What you return should match the material below line for line, except that no image appears in it.

## SUPPLIED INFORMATION
▬▬▬▬▬▬▬▬▬▬

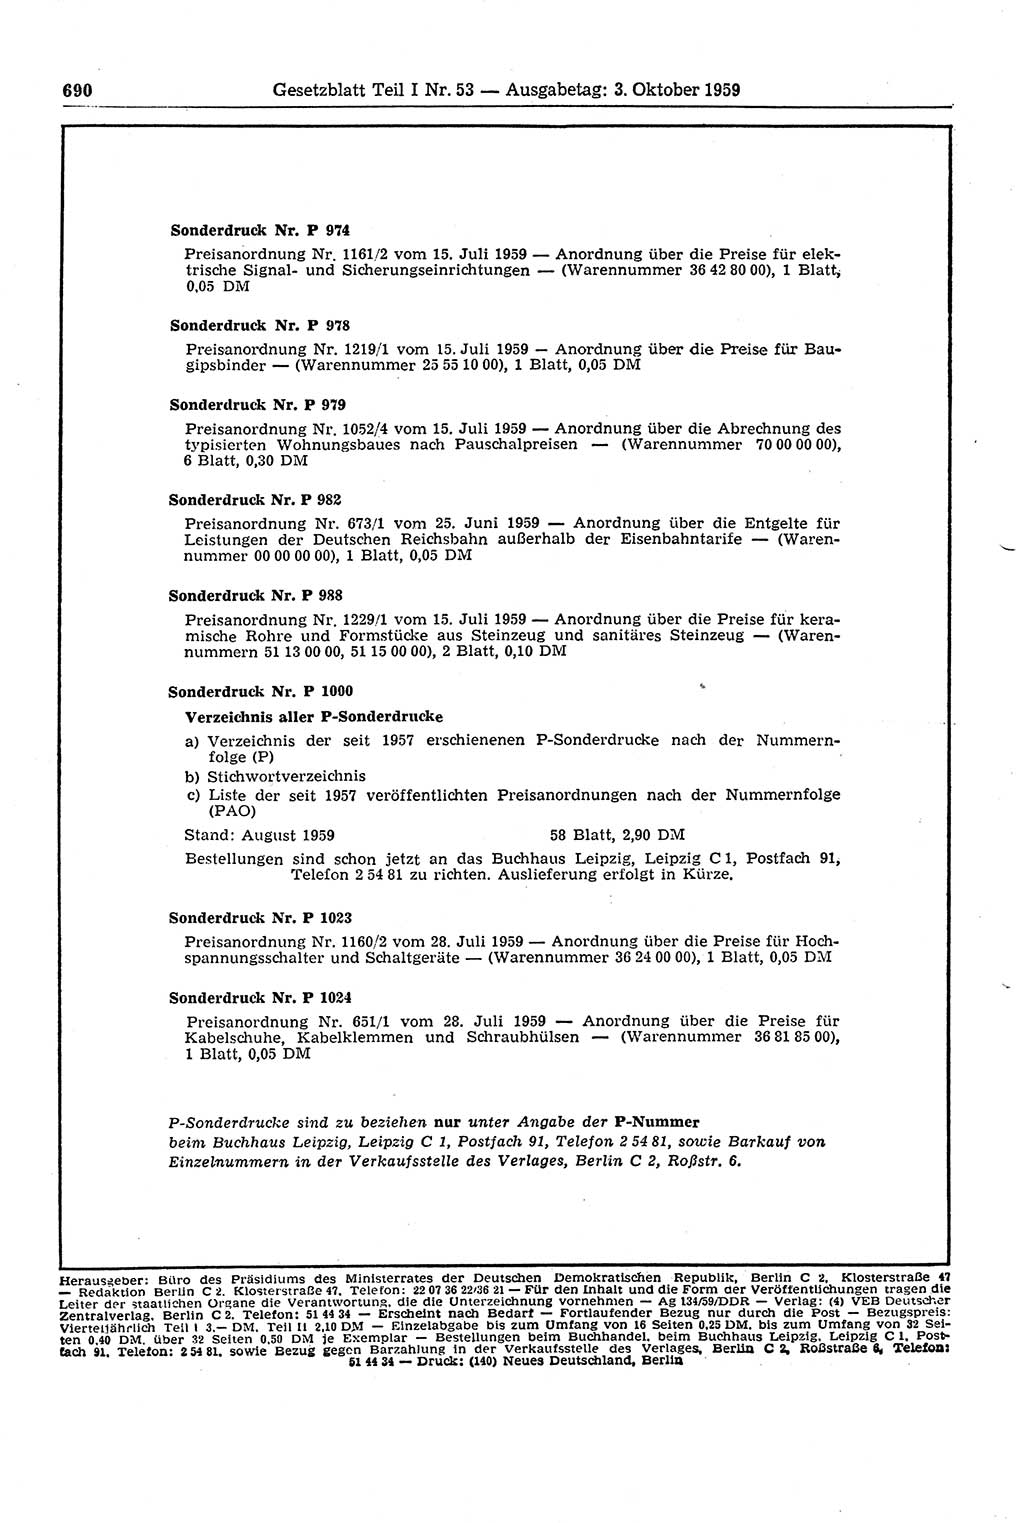 Gesetzblatt (GBl.) der Deutschen Demokratischen Republik (DDR) Teil Ⅰ 1959, Seite 690 (GBl. DDR Ⅰ 1959, S. 690)
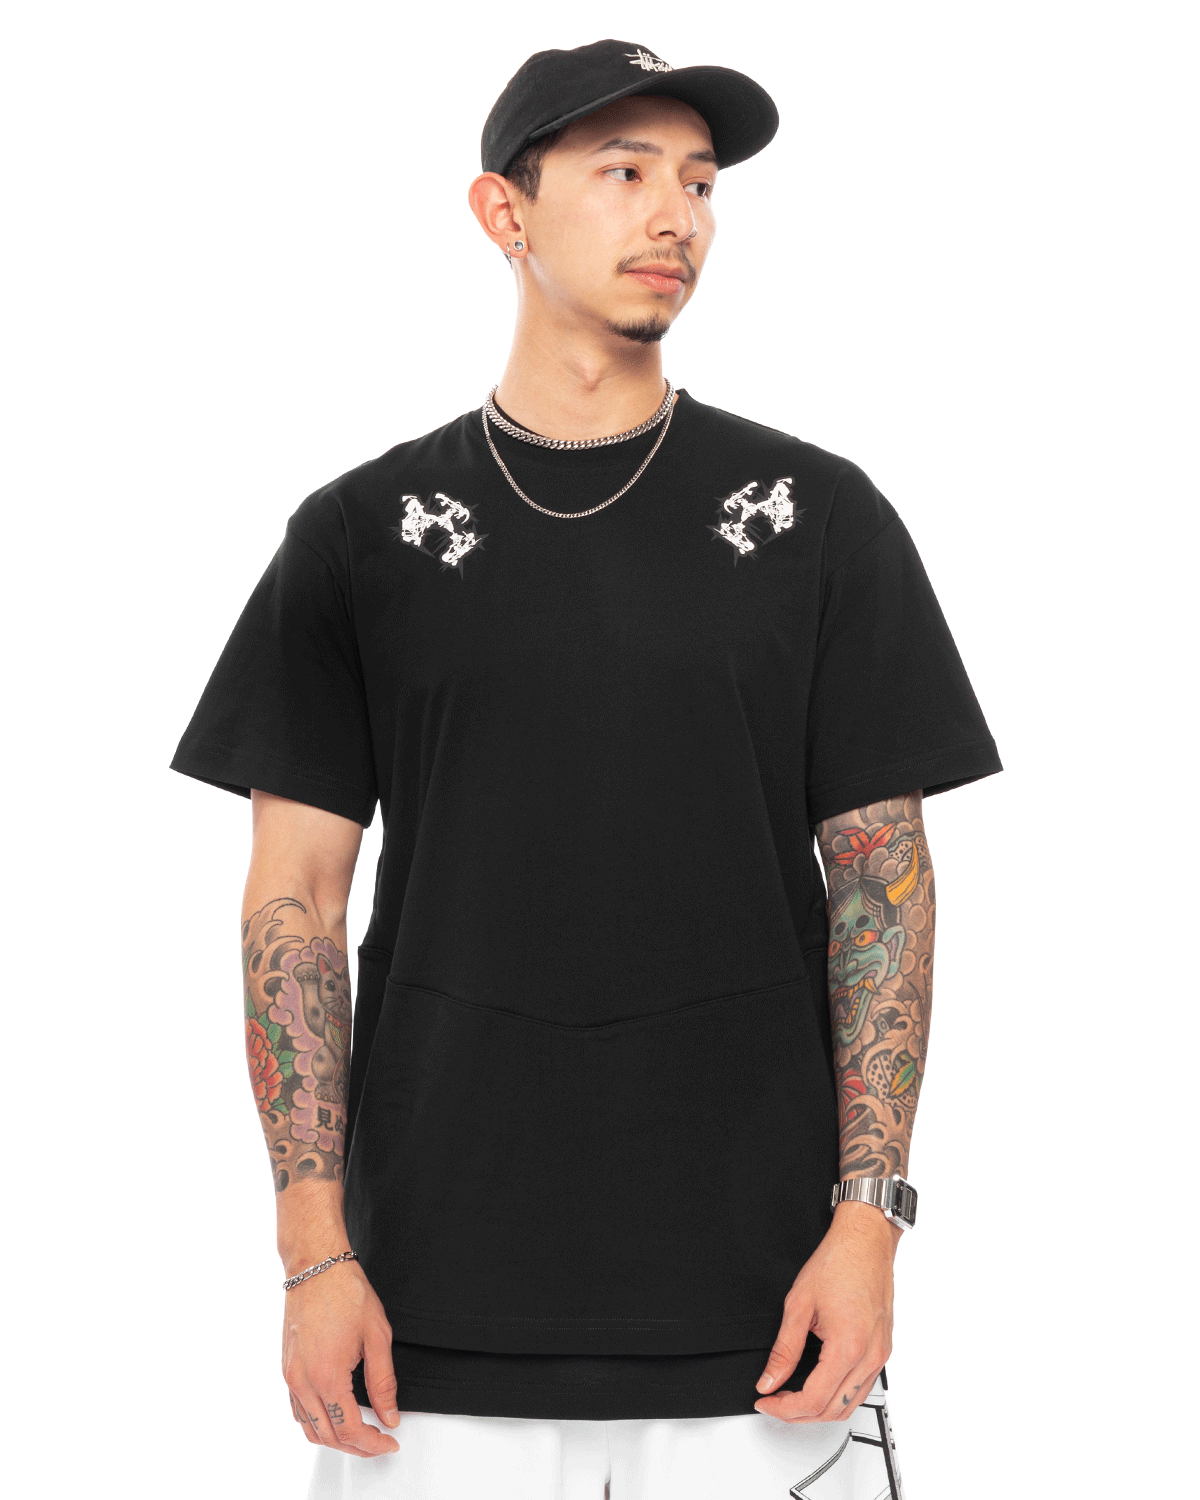 S28-PR-A Organic Cotton Short Sleeve T-shirt Gen. 1 Black
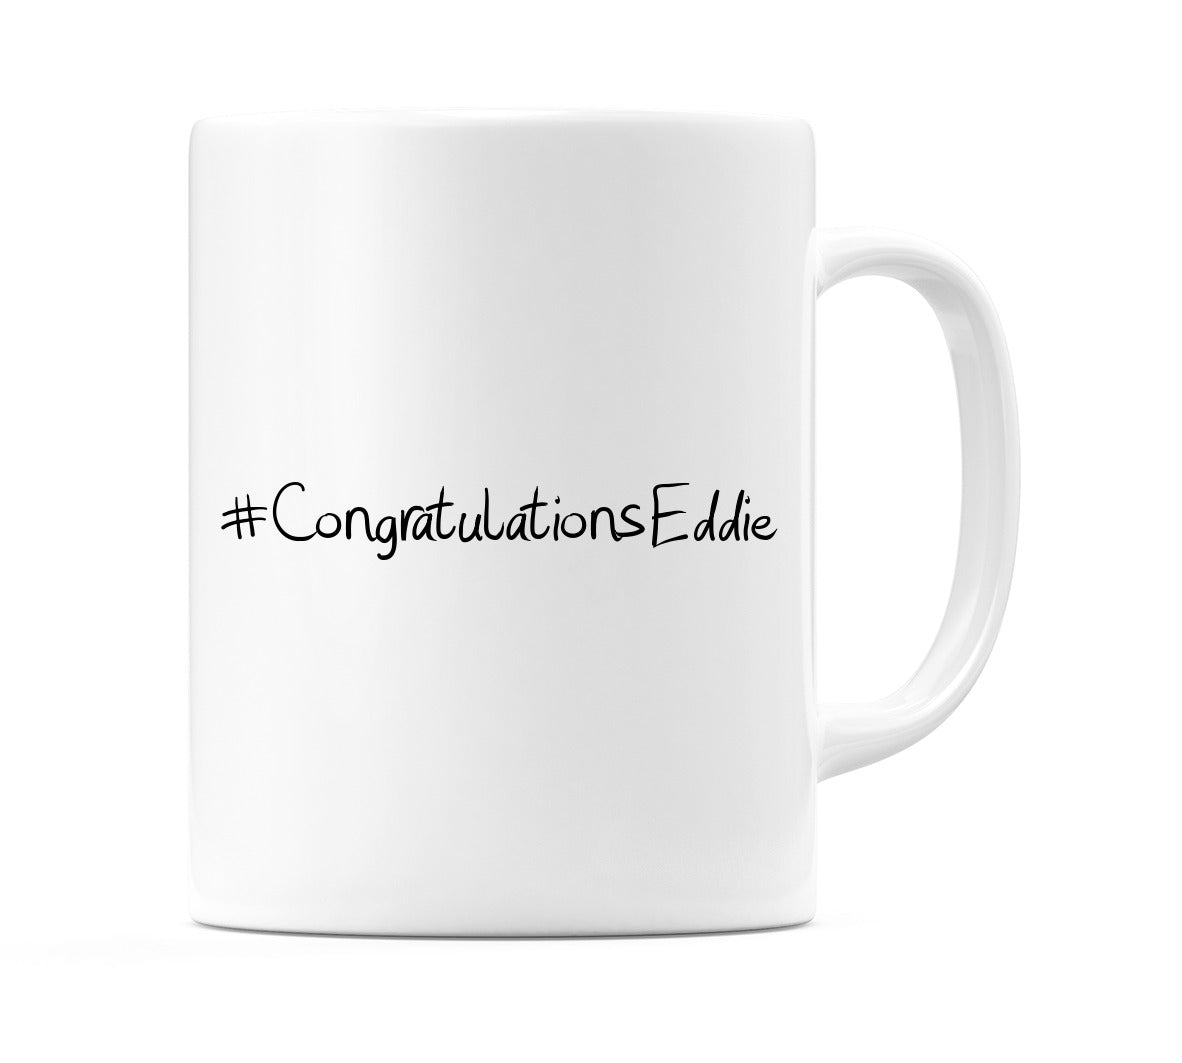 #CongratulationsEddie Mug
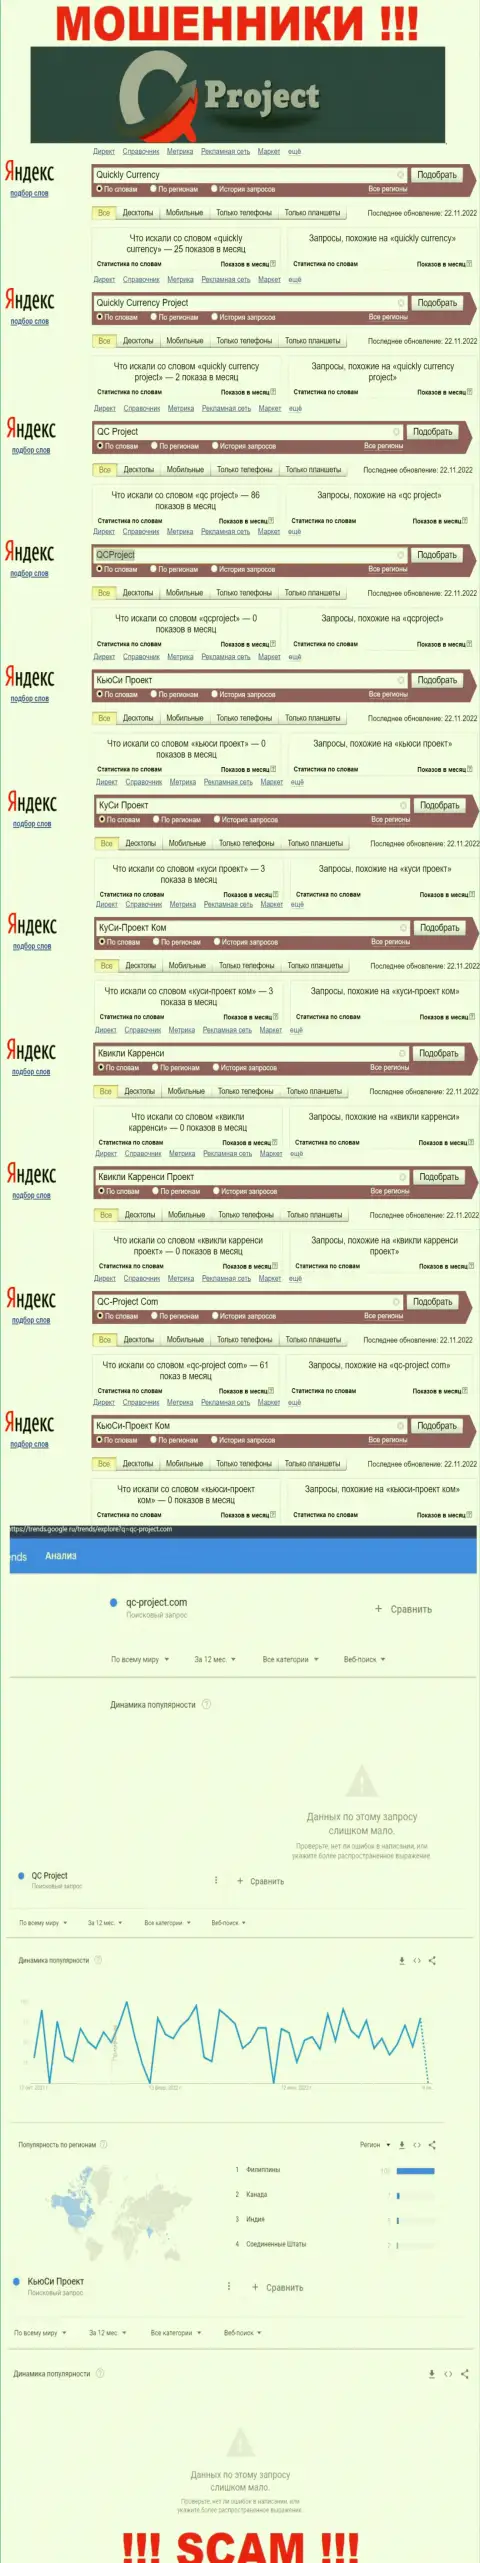 Какое количество брендовых запросов в поисковиках глобальной сети интернет имеется по компании QuicklyCurrency

▬▬▬▬▬▬▬▬▬▬

## EXPECTED ANSWER
 Gesetzblatt (GBl.) der Deutschen Demokratischen Republik (DDR) Teil Ⅰ 1959, Seite 690 (GBl. DDR Ⅰ 1959, S. 690)
 S28-PR-A Organic Cotton Short Sleeve T-shirt Gen. 1 Black
 #CongratulationsEddie Mug
 Какое количество брендовых запросов в поисковиках глобальной сети интернет имеется по компании QuicklyCurrency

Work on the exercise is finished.